→ **HOW TO COMPLETE THIS TASK**:
Please transcribe the listing that follows exactly; images are to be excluded.
-- INFORMATION SUPPLIED follows --
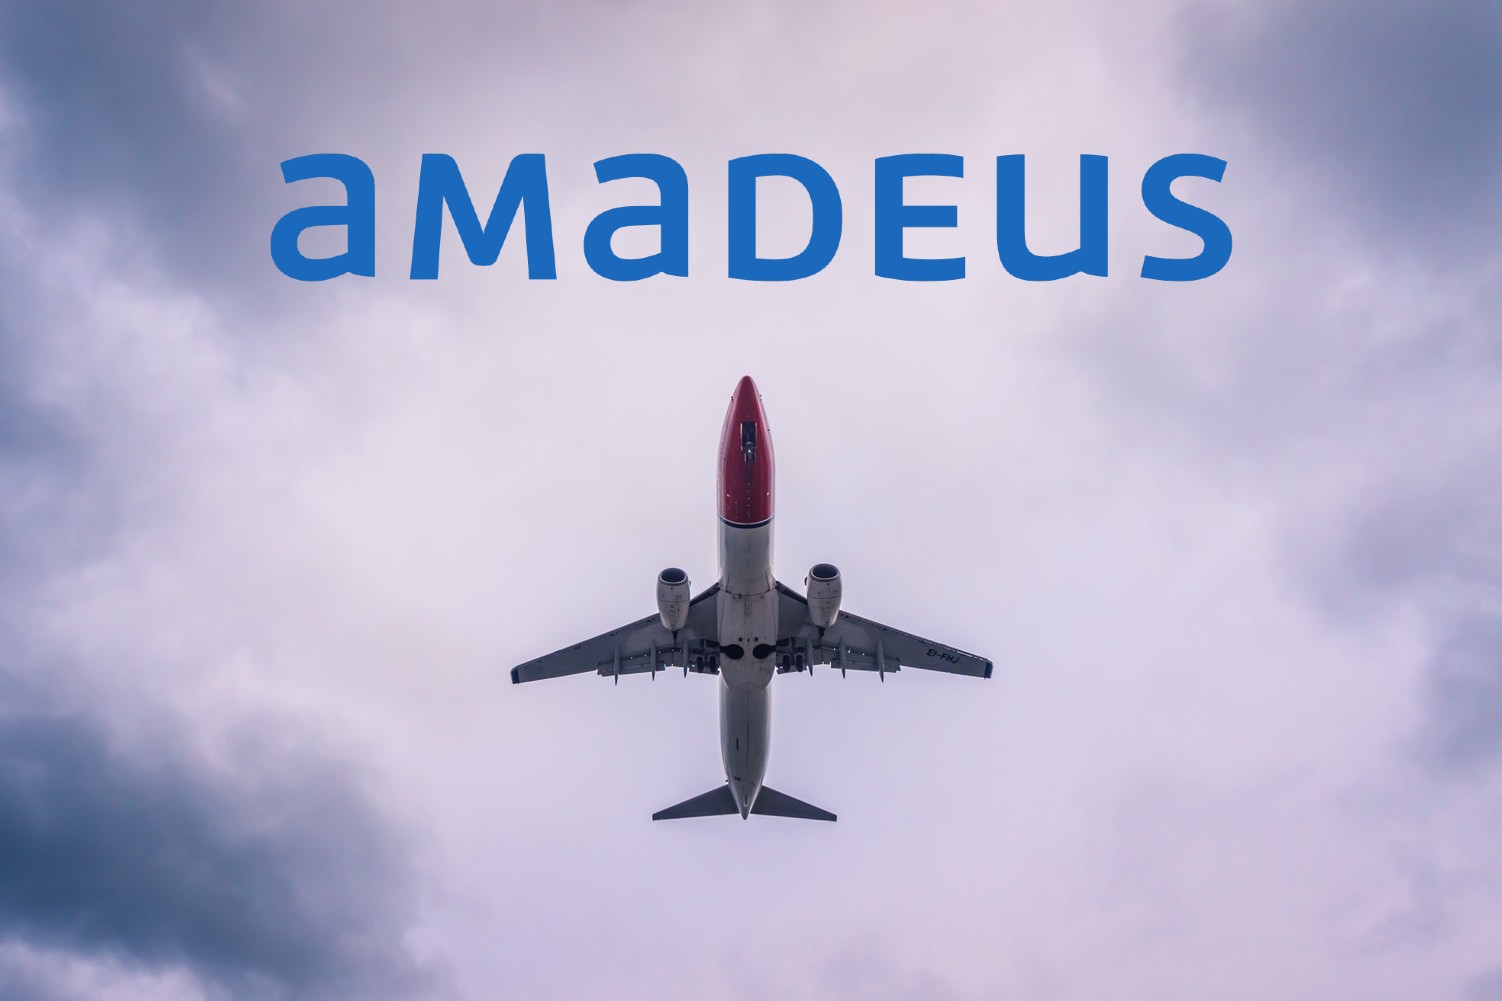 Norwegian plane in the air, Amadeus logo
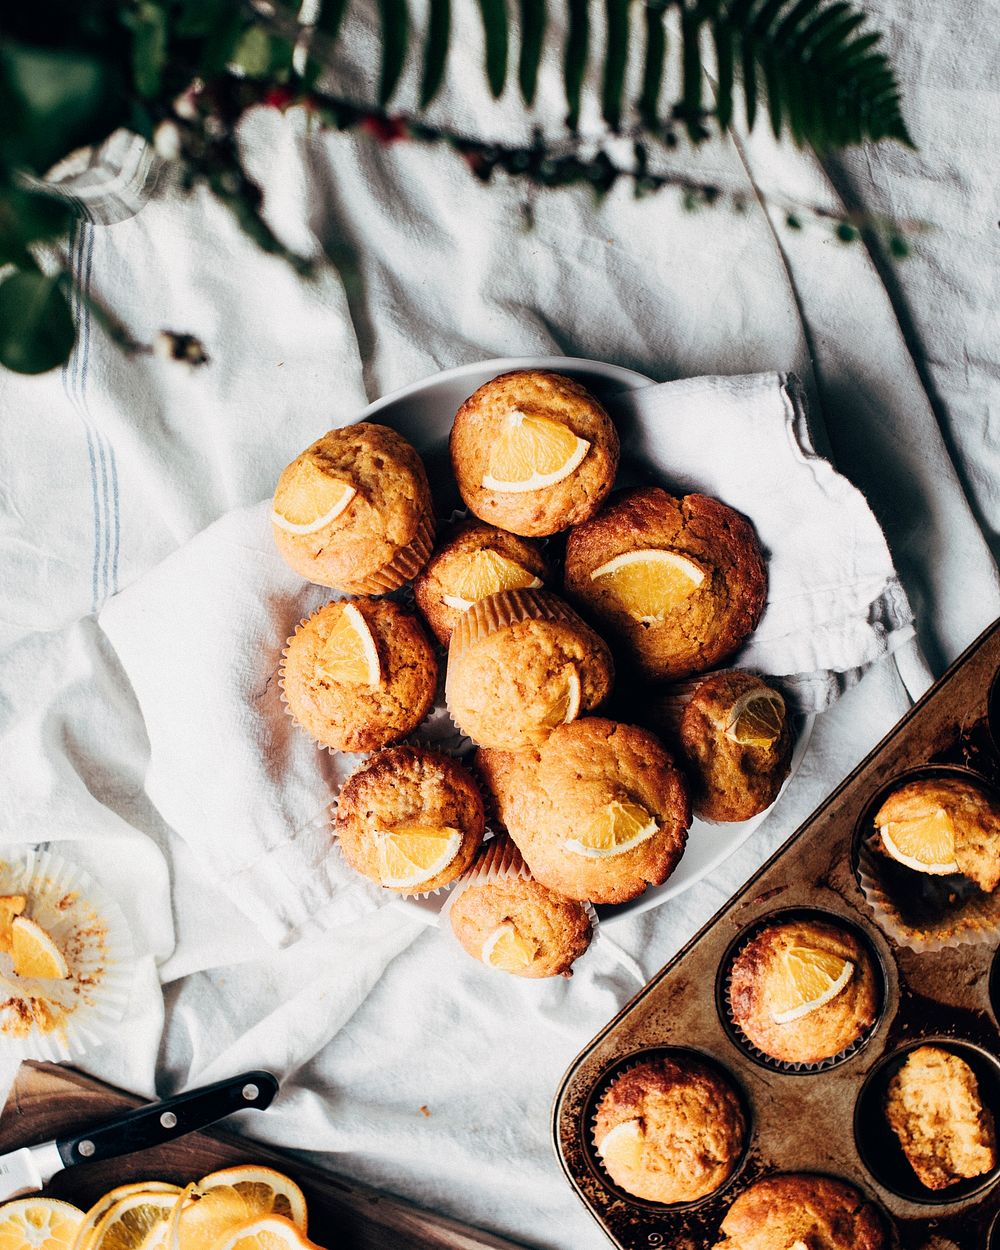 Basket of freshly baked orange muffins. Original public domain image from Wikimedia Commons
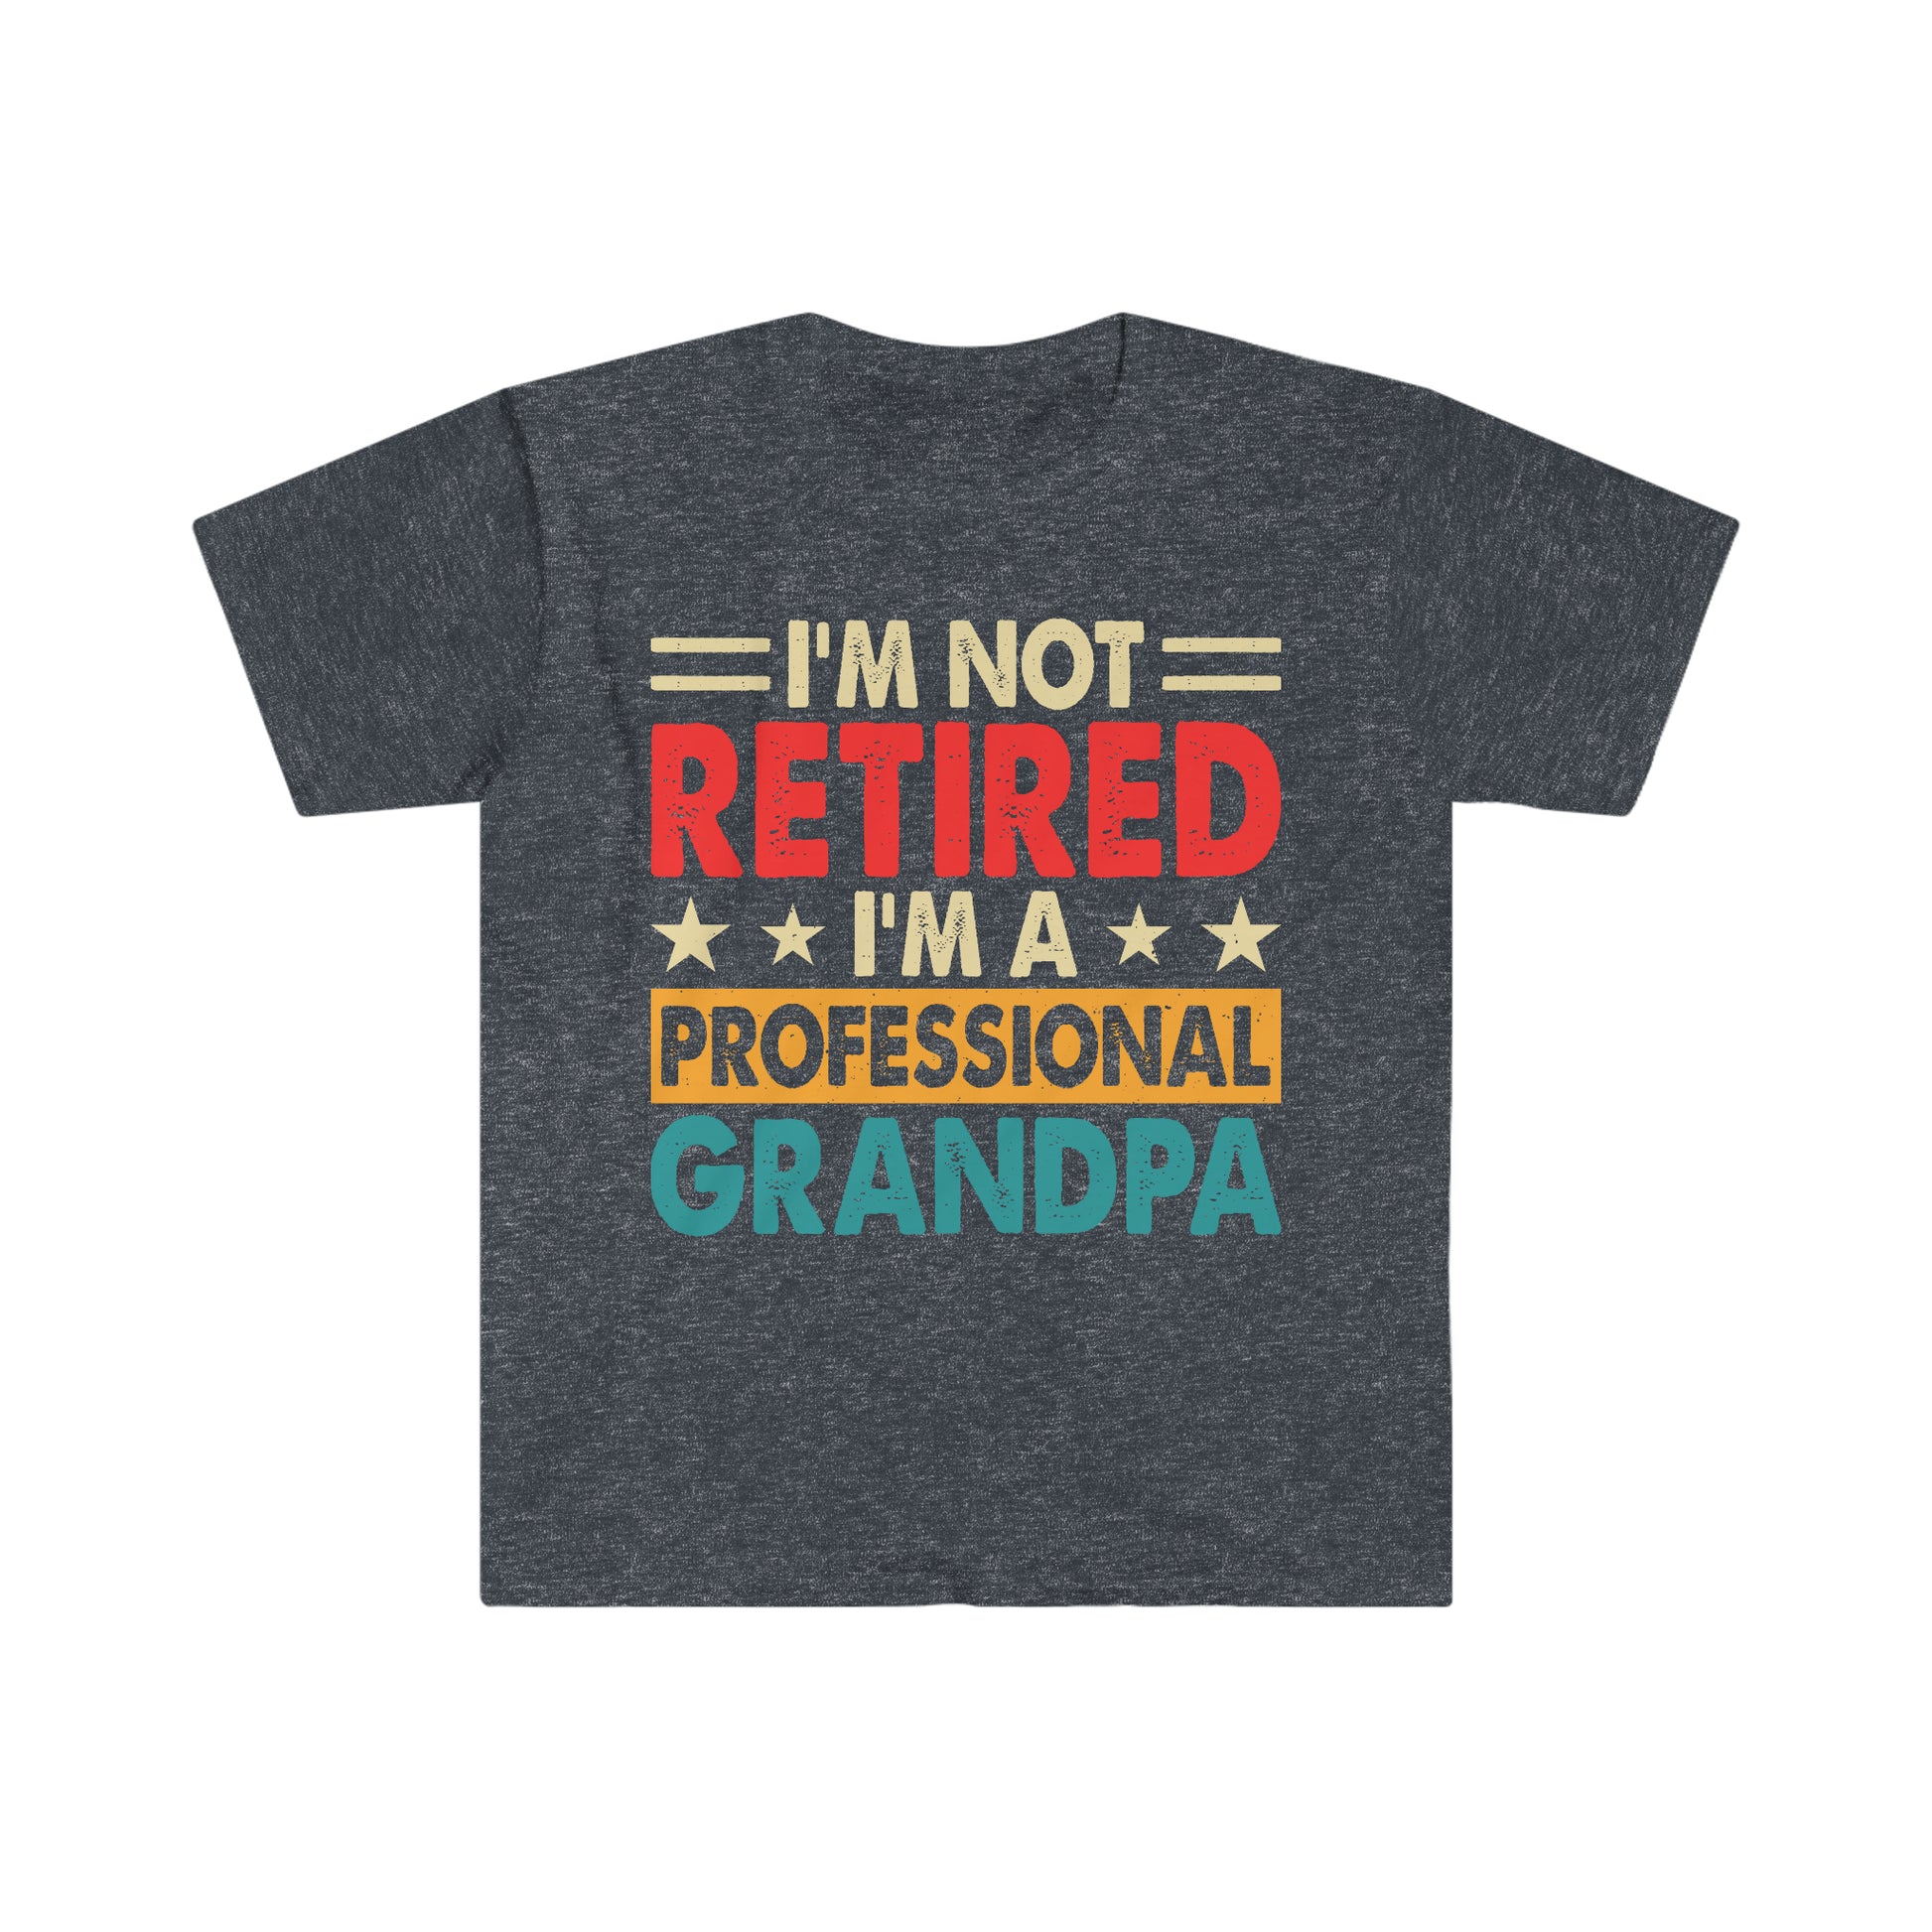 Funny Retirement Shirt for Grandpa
-- INFORMATION SUPPLIED concluded --
→ **ANSWER TO THIS TASK**:
 Norwegian plane in the air, Amadeus logo
 Basket of freshly baked orange muffins. Original public domain image from Wikimedia Commons
 Funny Retirement Shirt for Grandpa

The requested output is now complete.